Kyle Davis

Personal information
- Full name: Kyle Davis
- Nickname: Rooner
- Nationality: Australia
- Born: 18 January 1989 (age 37) Melbourne, Australia
- Height: 1.78 m (5 ft 10 in)
- Weight: 74 kg (163 lb)

Sport
- Sport: Table tennis
- Club: Melbourne Sports and Aquatic Centre
- Playing style: Right-handed, classic
- Equipment: Butterfly Jonyer
- Highest ranking: 401 (December 2008)
- Current ranking: 473 (October 2011)

= Kyle Davis (table tennis) =

Australian table tennis player

Kyle Davis (born 18 January 1989, in Melbourne) is an Australian table tennis player. He was selected to represent his nation, Australia, at the 2008 Summer Olympics and at the 2010 Commonwealth Games in Delhi, India. As of October 2011, Davis is ranked no. 401 in the world by the International Table Tennis Federation (ITTF). He is also right-handed, and uses the classic grip and Butterfly Jonyer blade.
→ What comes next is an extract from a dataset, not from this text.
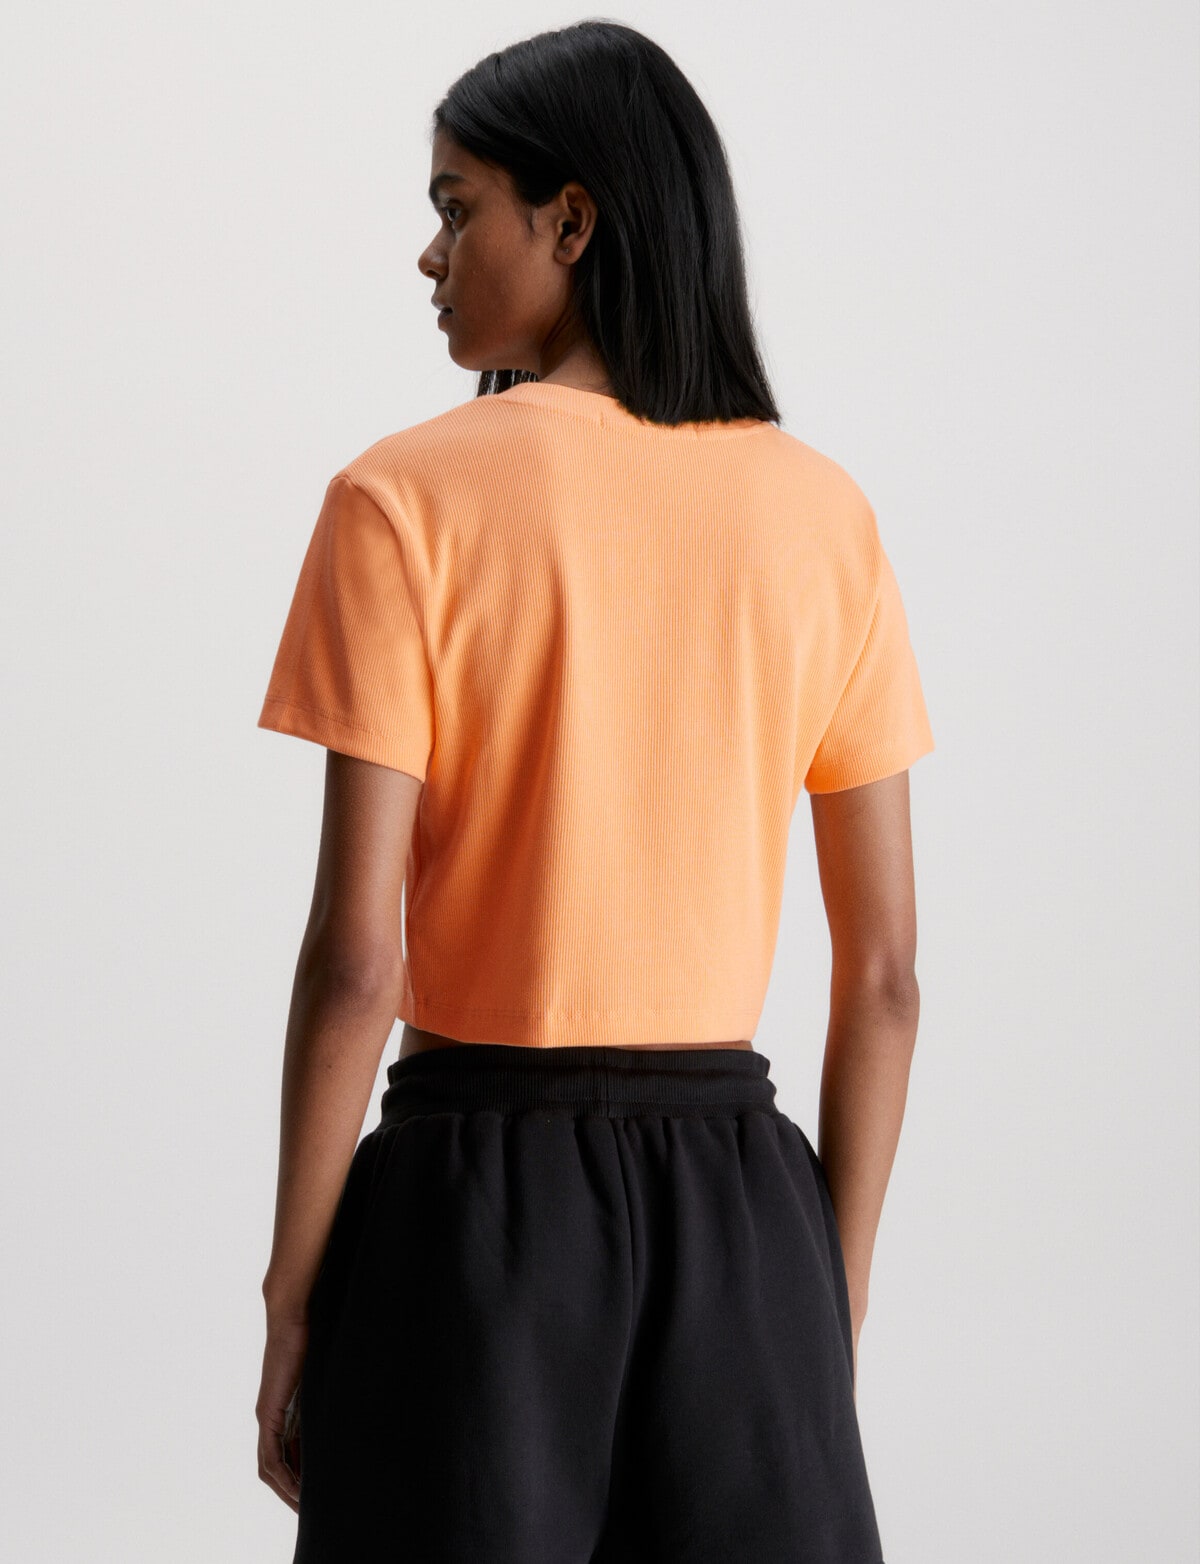 Calvin Klein Women’s Performance Split-Back T-Shirt Tops, Orange,  Large

Since becoming a member of the national team in 2004, Davis is considered one of Australia's most promising table tennis players in its sporting history. He has obtained thirty-six age-group Australian titles in both the singles and doubles tournaments, and finished fourth in the men's doubles at the Australian Youth Olympic Festival. In 2007, Davis picked up a silver medal at the peak of his career in the men's singles at the Commonwealth Championships in Jaipur, India.
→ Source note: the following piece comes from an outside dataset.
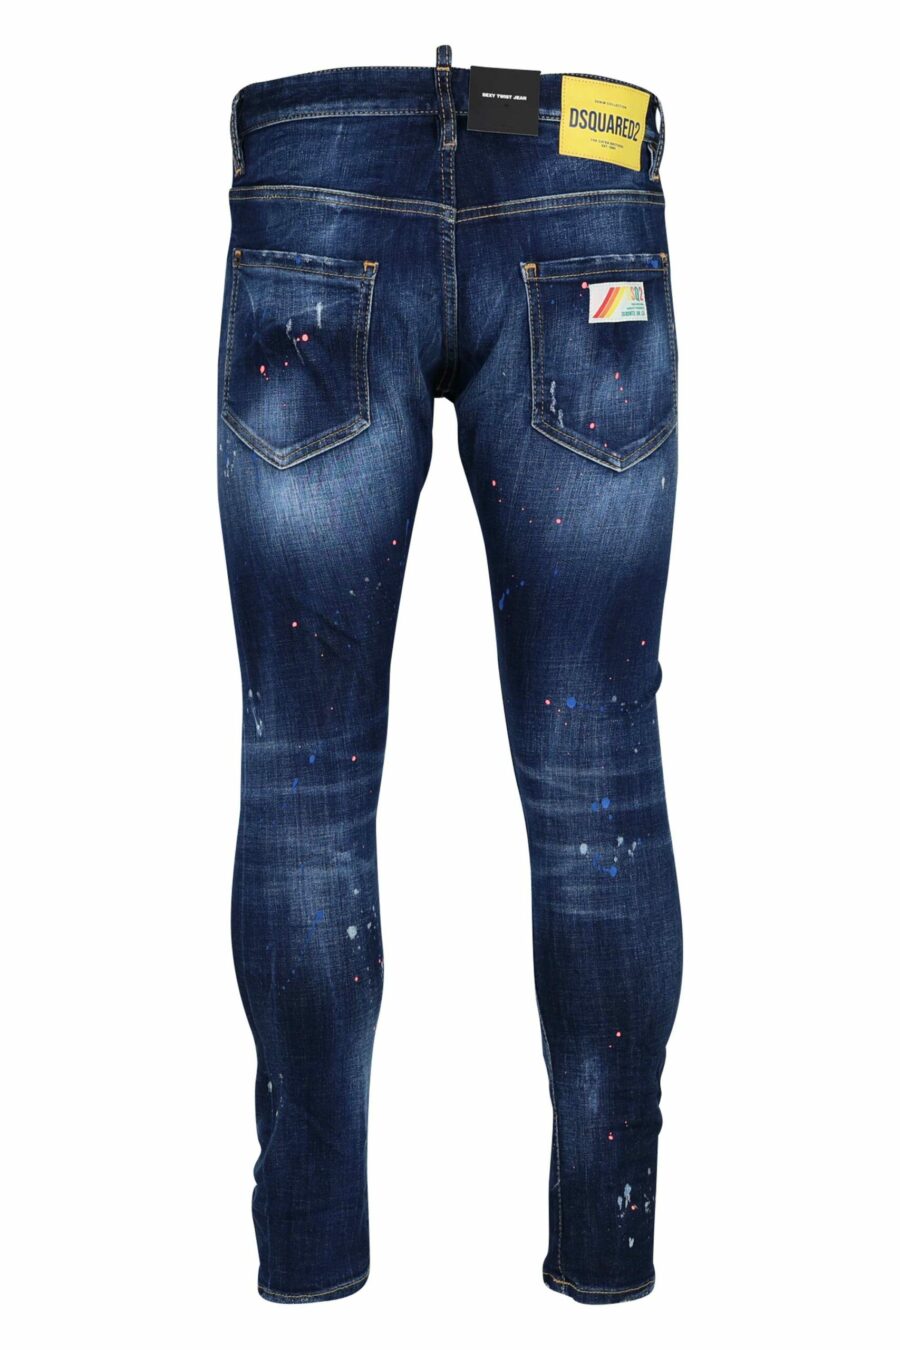 Blue "sexy twist jean" jeans worn with orange paint - 8054148308292 2 scaled

Davis qualified for the Australian squad, as a 19-year-old teen, in two table tennis events at the 2008 Summer Olympics in Beijing, by placing second in the men's singles from the Oceania Qualification Tournament in Noumea, and receiving a continental spot for Oceania in the men's team under ITTF's Computer Team Ranking List. Joining his fellow players William Henzell and David Zalcberg in the inaugural men's team event, Davis and his Australian squad finished on the bottom of the prelim pool with three straight defeats against Greece, Austria, and the host nation China. A few days later, in the men's singles, Davis lost his opening match to Egypt's Ahmed Ali Saleh with a set score 1–4.